Volunteers install giant pink triangle on San Francisco’s Twin Peaks
A giant pink triangle has been installed on top of San Francisco’s Twin Peaks in an annual display for Pride Month.
The pink triangle can be seen from 15 miles away, and as it was once a symbol used by Nazis to identify homosexuals, it commemorates gay victims of the holocaust.
Volunteers climbed to one of the two 281m summits, hence the name Twin Peaks, to install the pink cloth secured with spikes for the 24th year in a row.
According to the triangle’s official website, the installation is a “commemoration of the gay victims who were persecuted and killed in concentration camps in Nazi Germany starting in 1933 through the end of WWII.
“The pink triangle symbol has since evolved into an important reminder for the gay, lesbian, bisexual and transgender community of the continuing homophobia and inhumanity against them and other repressed minorities around the world.”
The first pink triangle was installed in secret, so the founder wouldn’t be arrested
According to the San Francisco Chronicle, Patrick Carney who installed the first pink triangle at Twin Peaks in 1995 said: “Twenty-four years ago, we came up in the dead of night so we wouldn’t be arrested.”
“The world is not yet done with the hate,” a volunteer visiting from Ukraine told the newspaper. “We need to keep showing up and showing up.”
Volunteer Rick Bowles put in the final spike and said: ““I recall being called a fag when I was a kid. This triangle is important.
“It reclaims a symbol of negativity and hate, and turns it into something positive.”

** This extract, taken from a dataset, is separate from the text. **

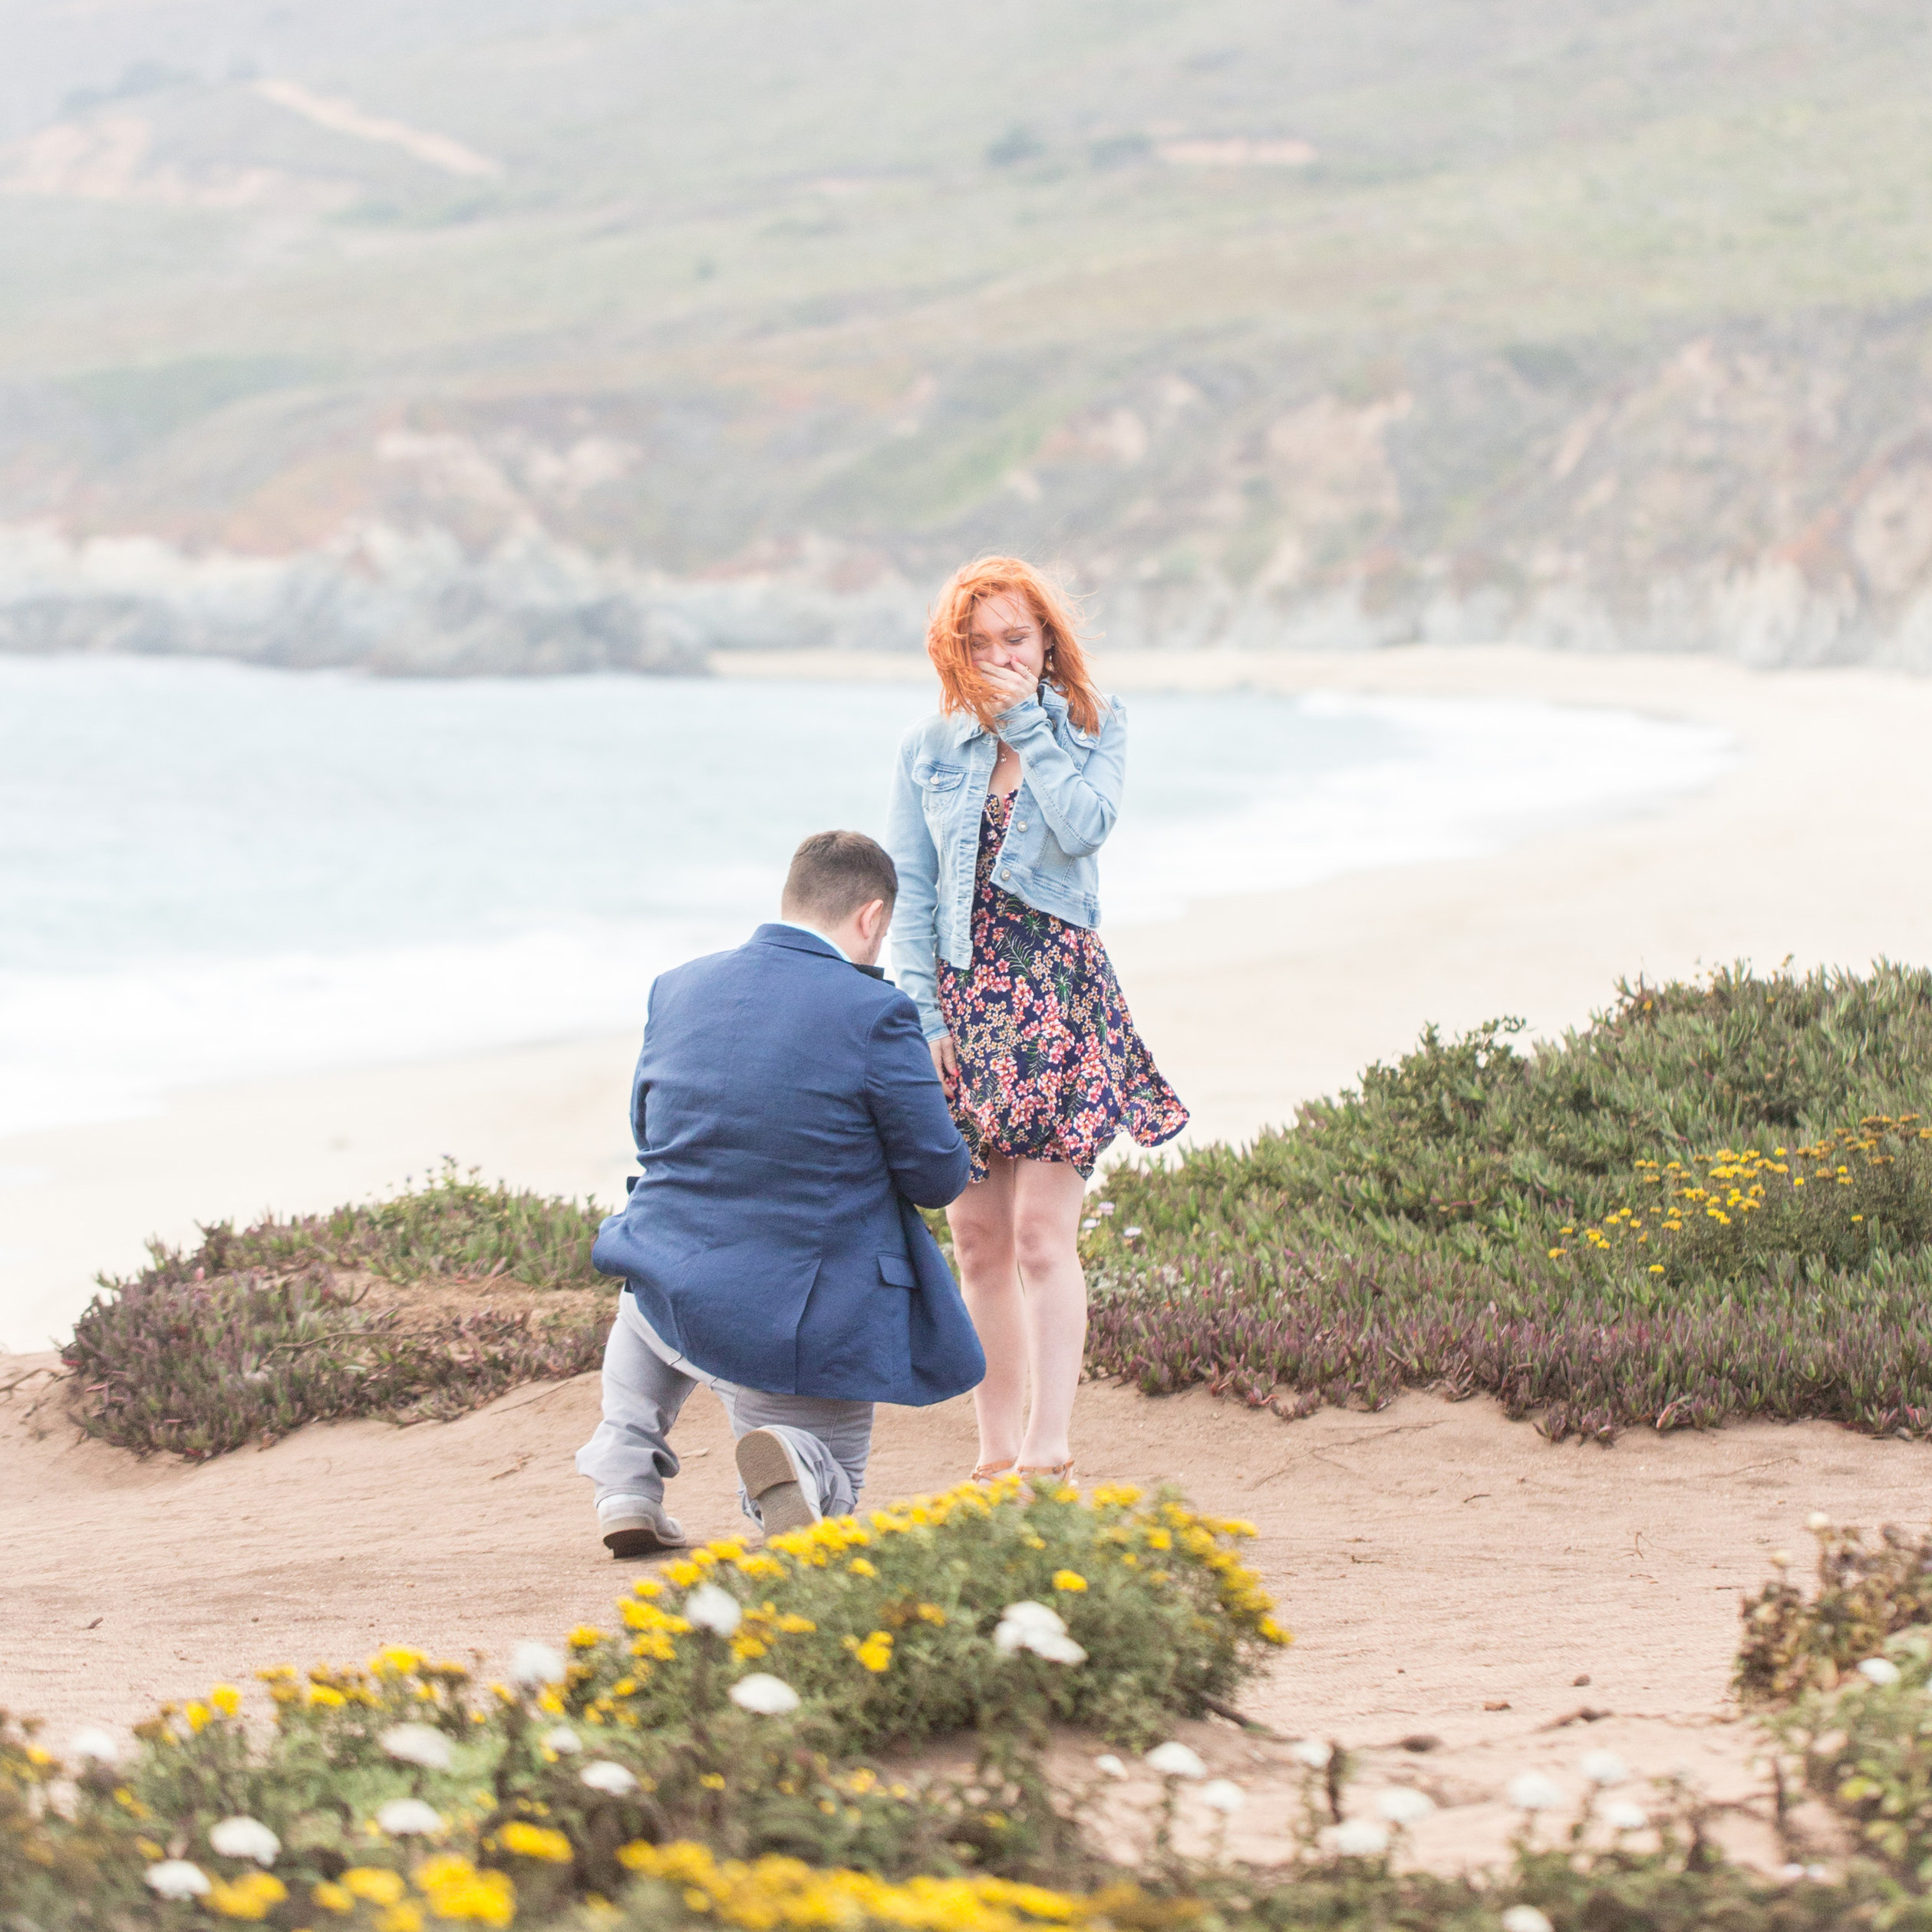 Big Sur Proposal Photographer | South Carolina Wedding Photographer | Laura & Rachel Photography
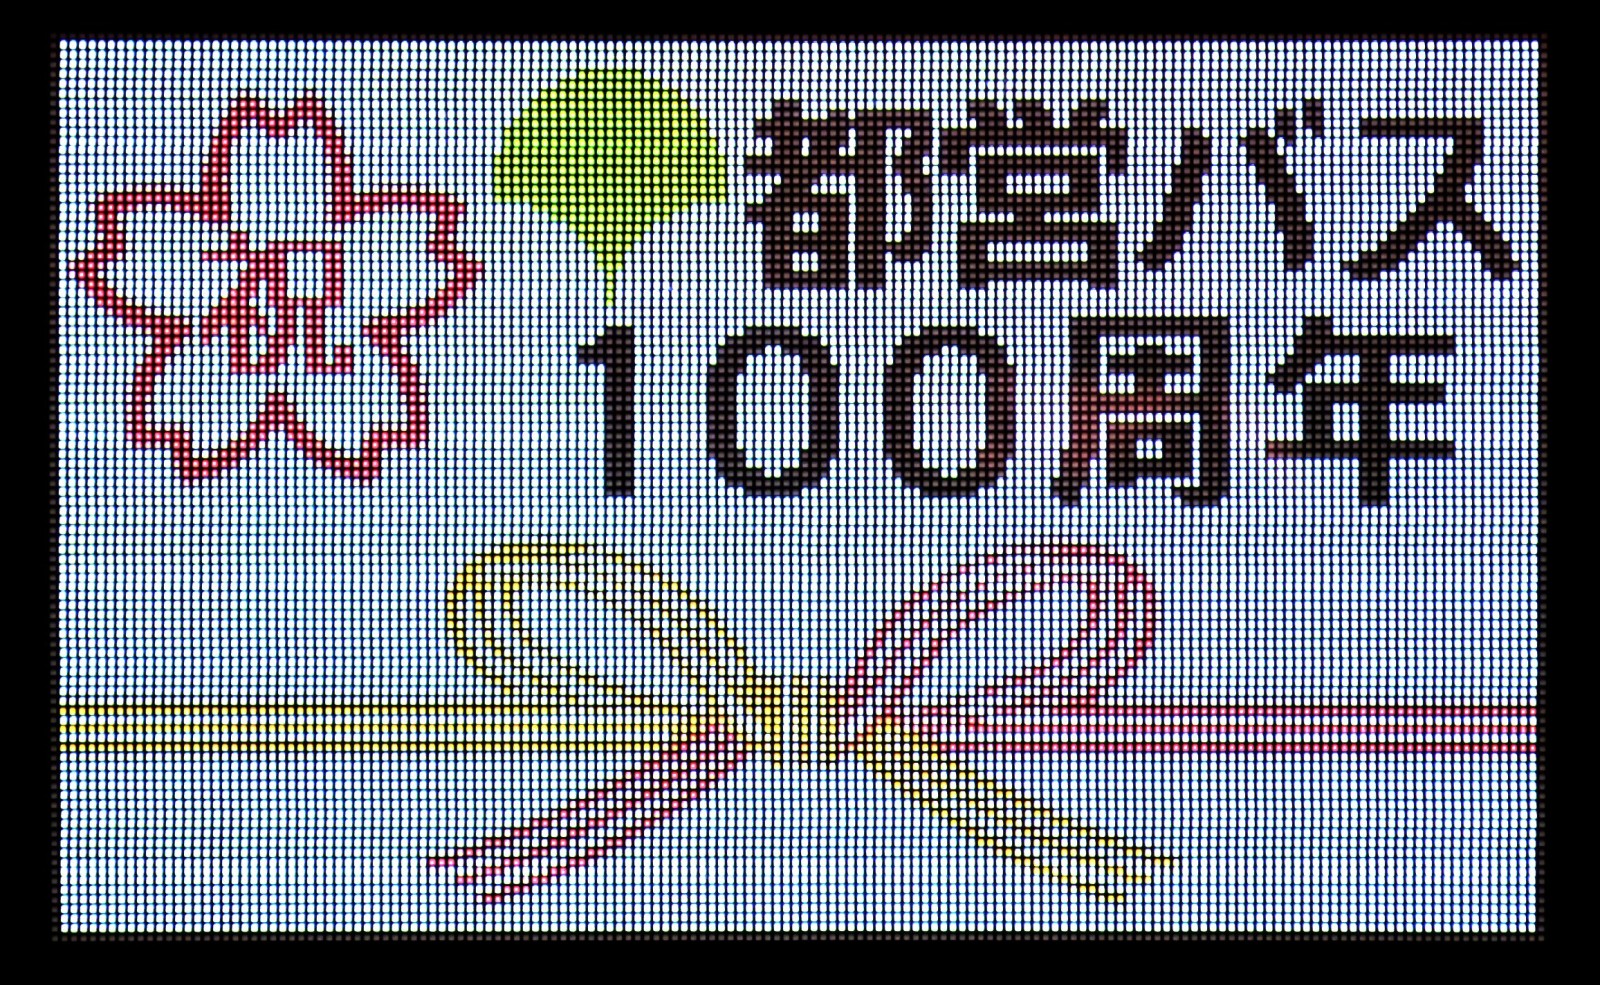 1/20、100周年イベントを東京タワーで開催

After installing the 61m-wide triangle in the fastest time ever (36 minutes), they held a commemoration ceremony complete with a performance from the San Francisco gay and lesbian marching band.
A volunteer said, according to the San Francisco Chronicle: “The rest of the weekend is full of wonderful debauchery. This gives you something to think about, and not just go off and get drunk.”